## TASK TO CARRY OUT
This task calls for the lines below starting at the one containing "Is This the" and ending at the one containing "Training and Certification", repeated exactly with both ends kept and pictures left out.

## RECORD SET
╭──

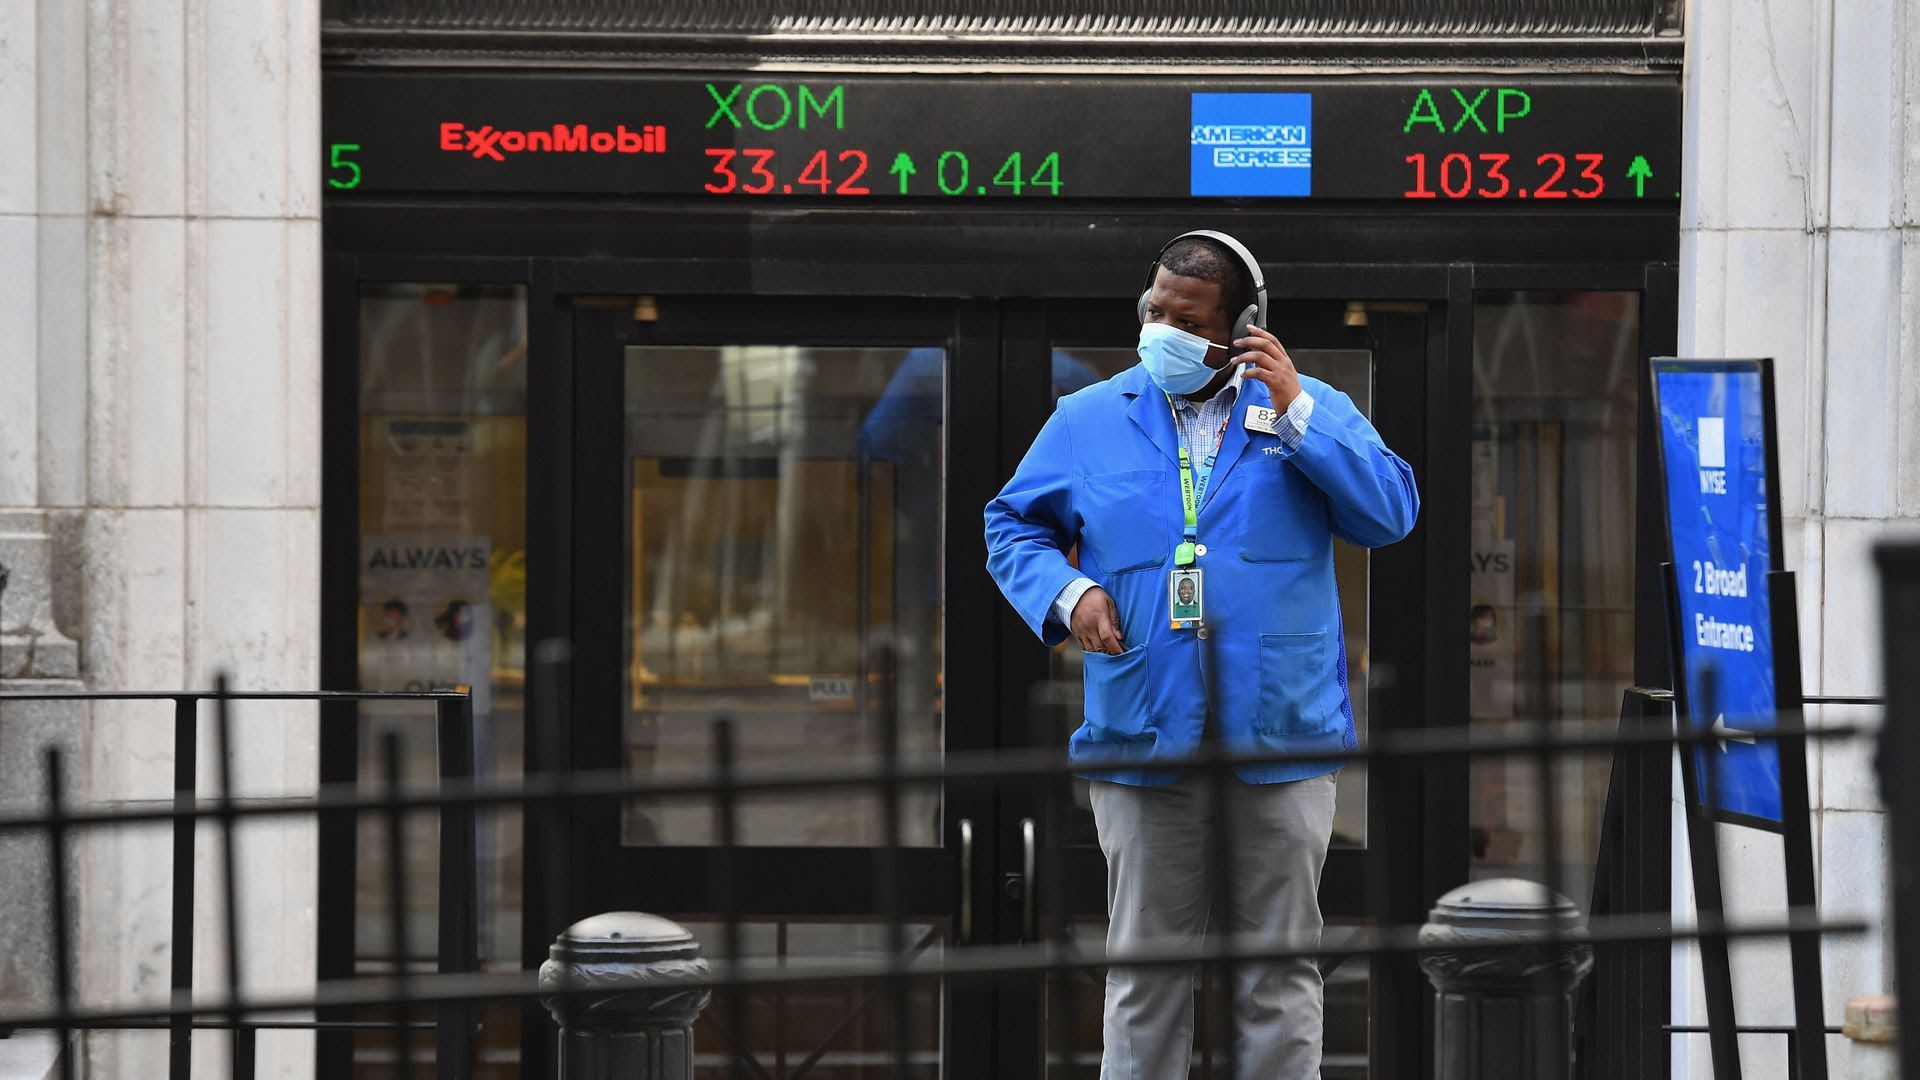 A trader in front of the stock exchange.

╰──
╭──

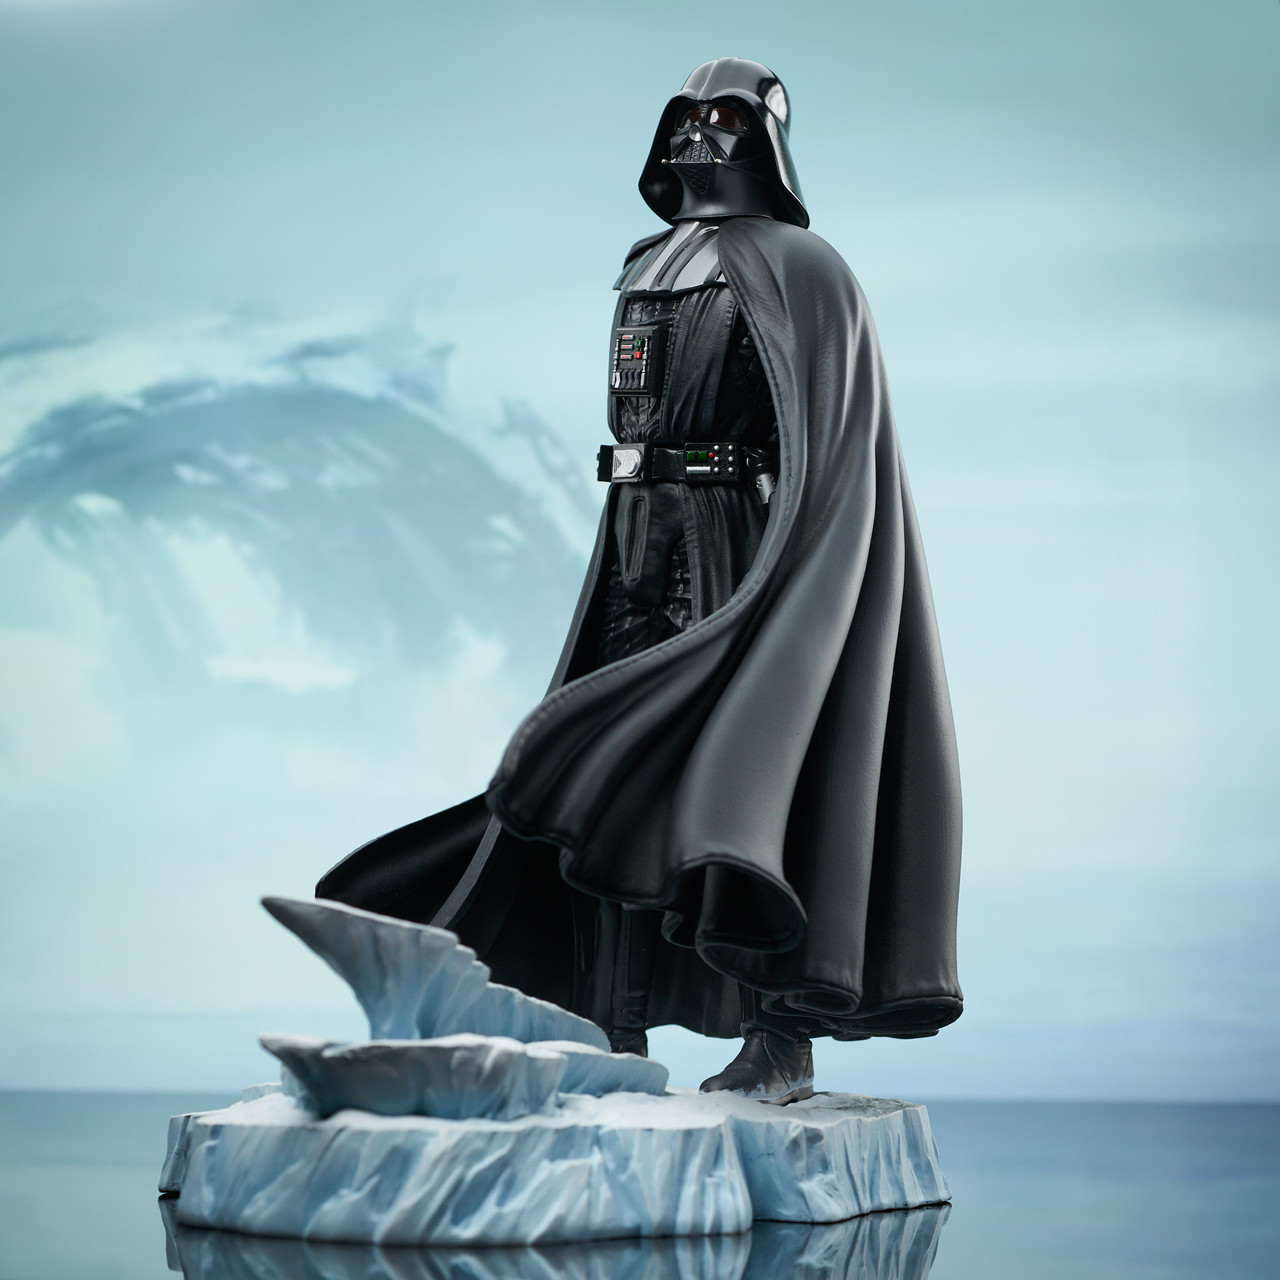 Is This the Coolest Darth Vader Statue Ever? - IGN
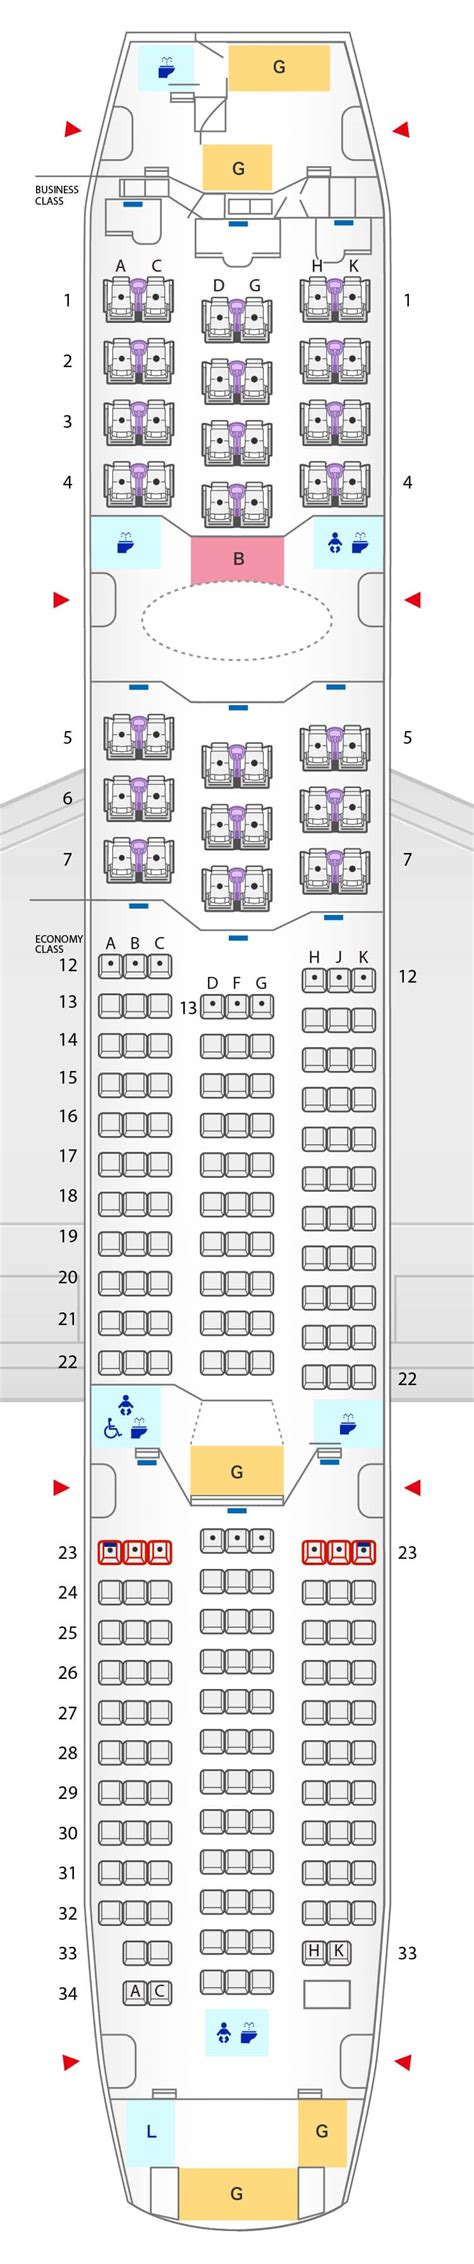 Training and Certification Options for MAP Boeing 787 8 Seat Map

╰──
╭──

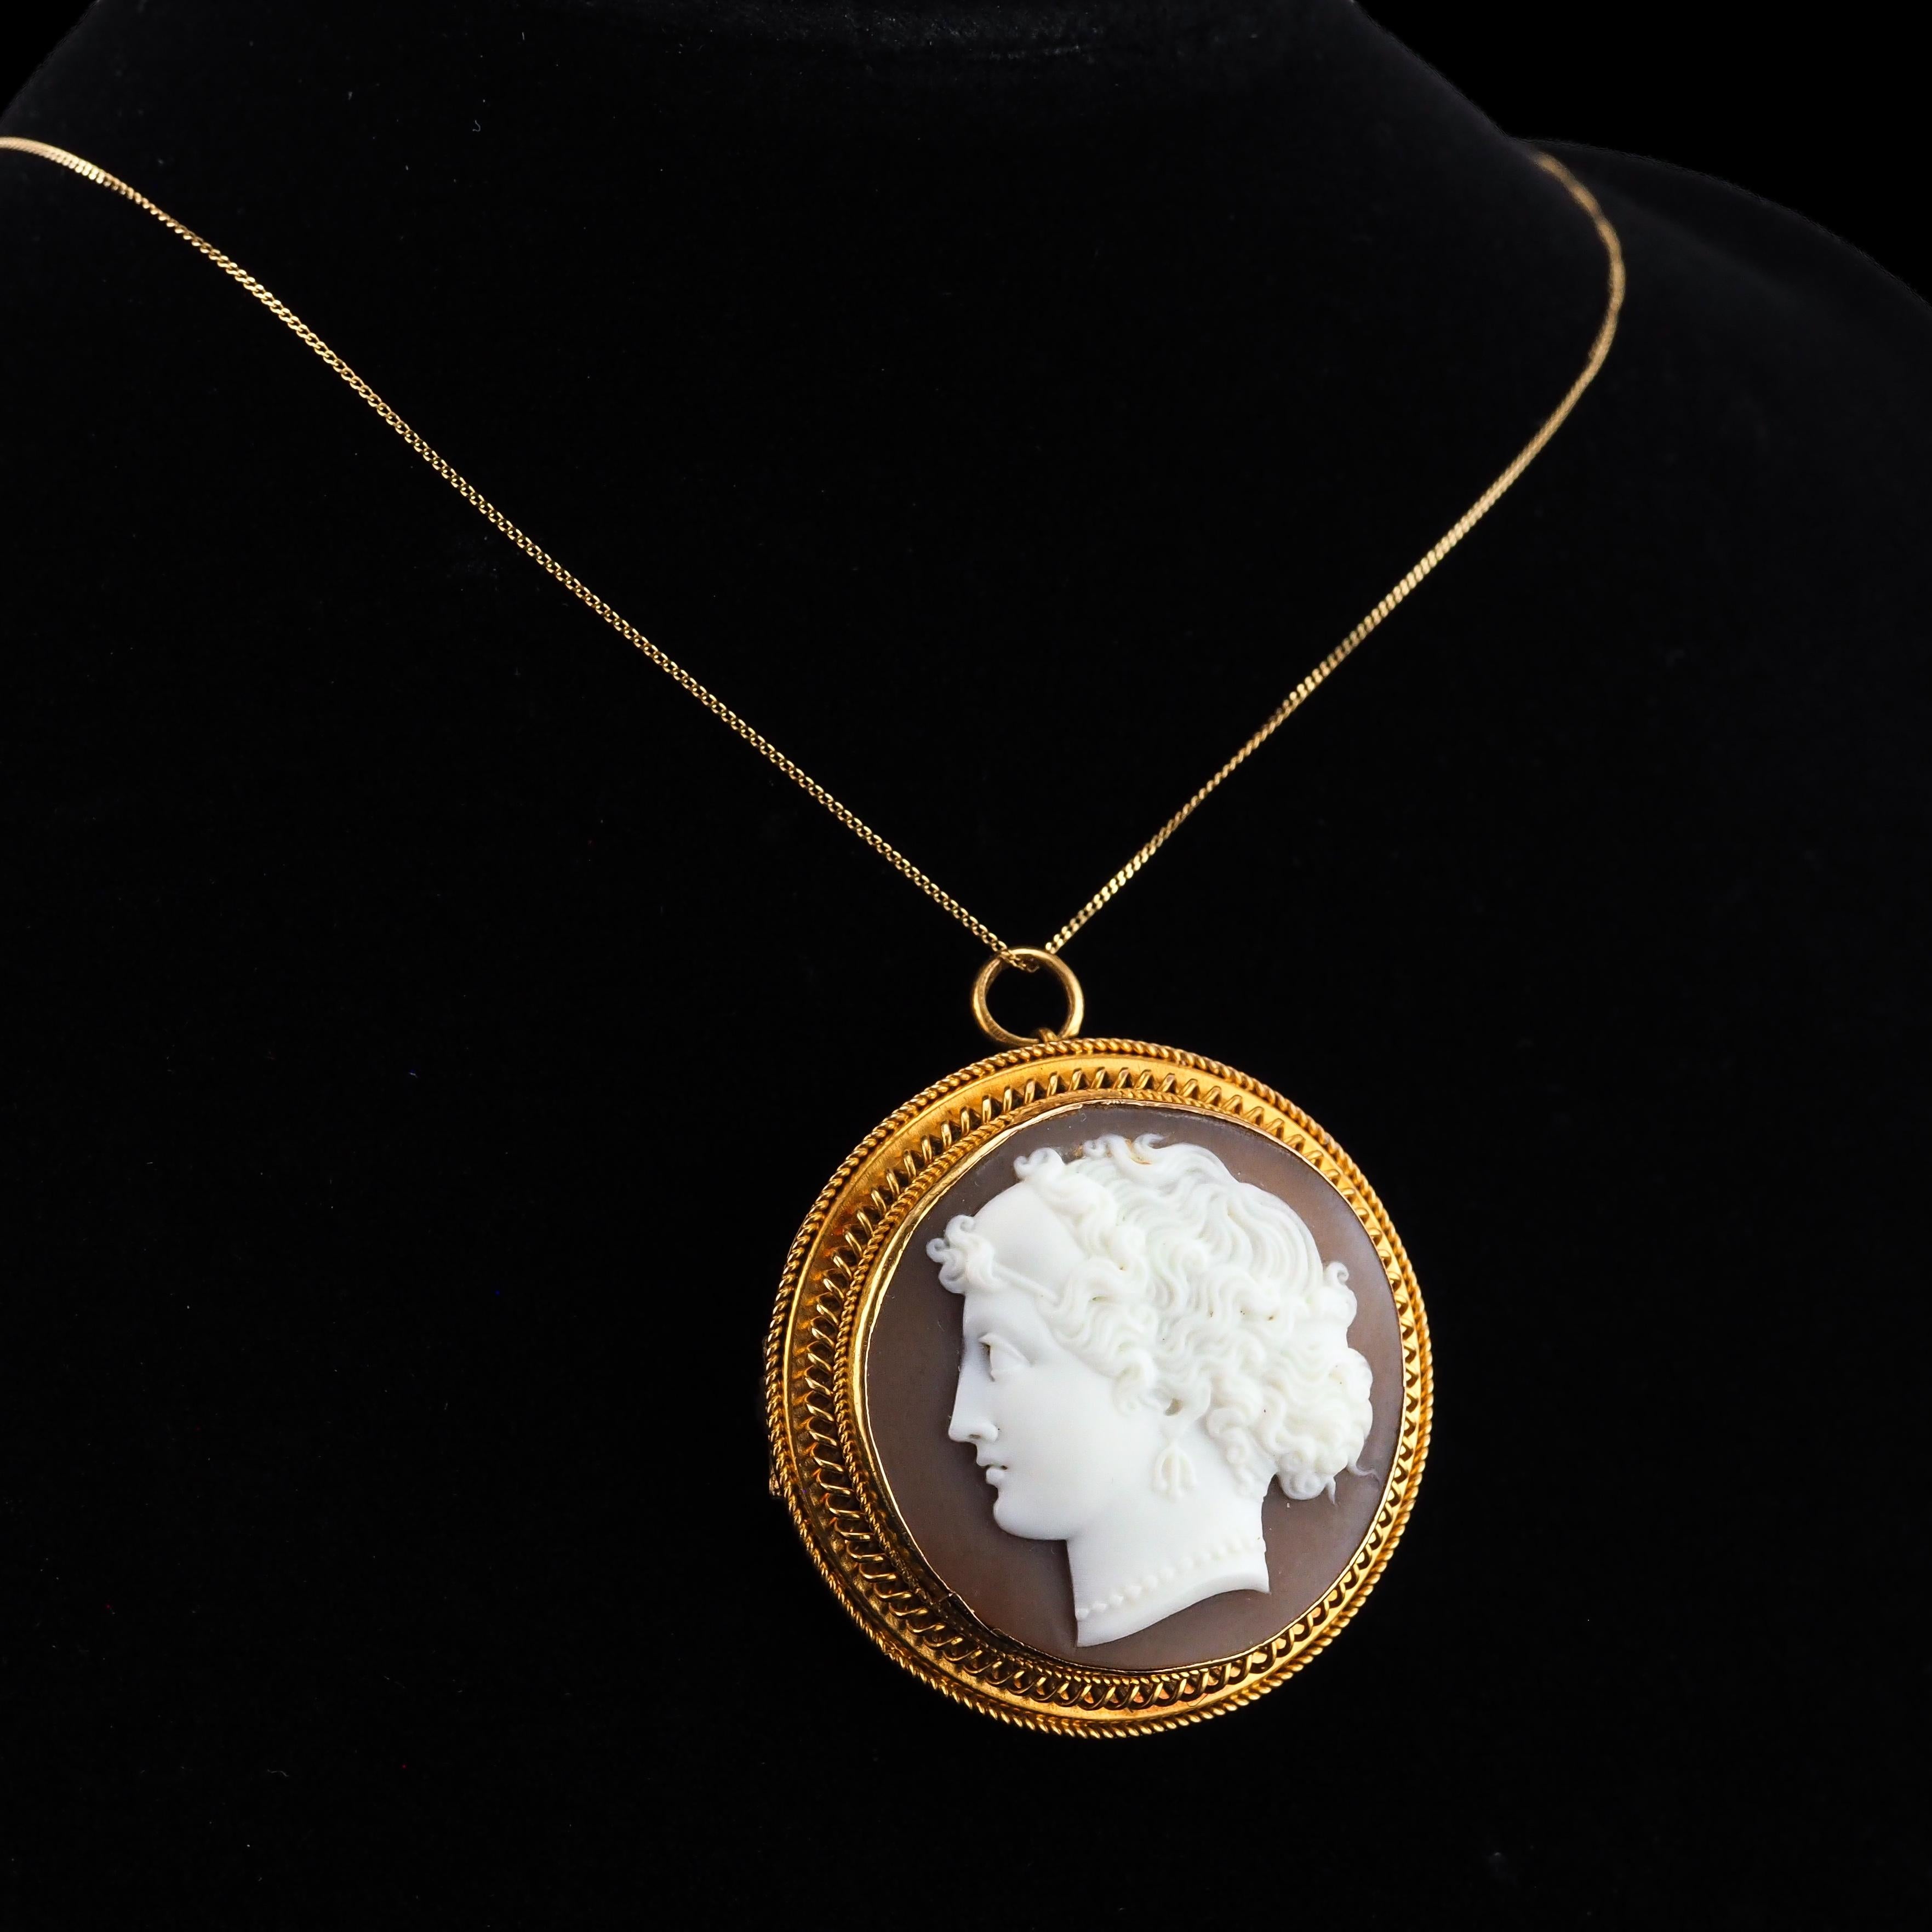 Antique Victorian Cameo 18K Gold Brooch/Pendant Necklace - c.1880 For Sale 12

╰──

## ANSWER SECTION
 Is This the Coolest Darth Vader Statue Ever? - IGN
 Training and Certification Options for MAP Boeing 787 8 Seat Map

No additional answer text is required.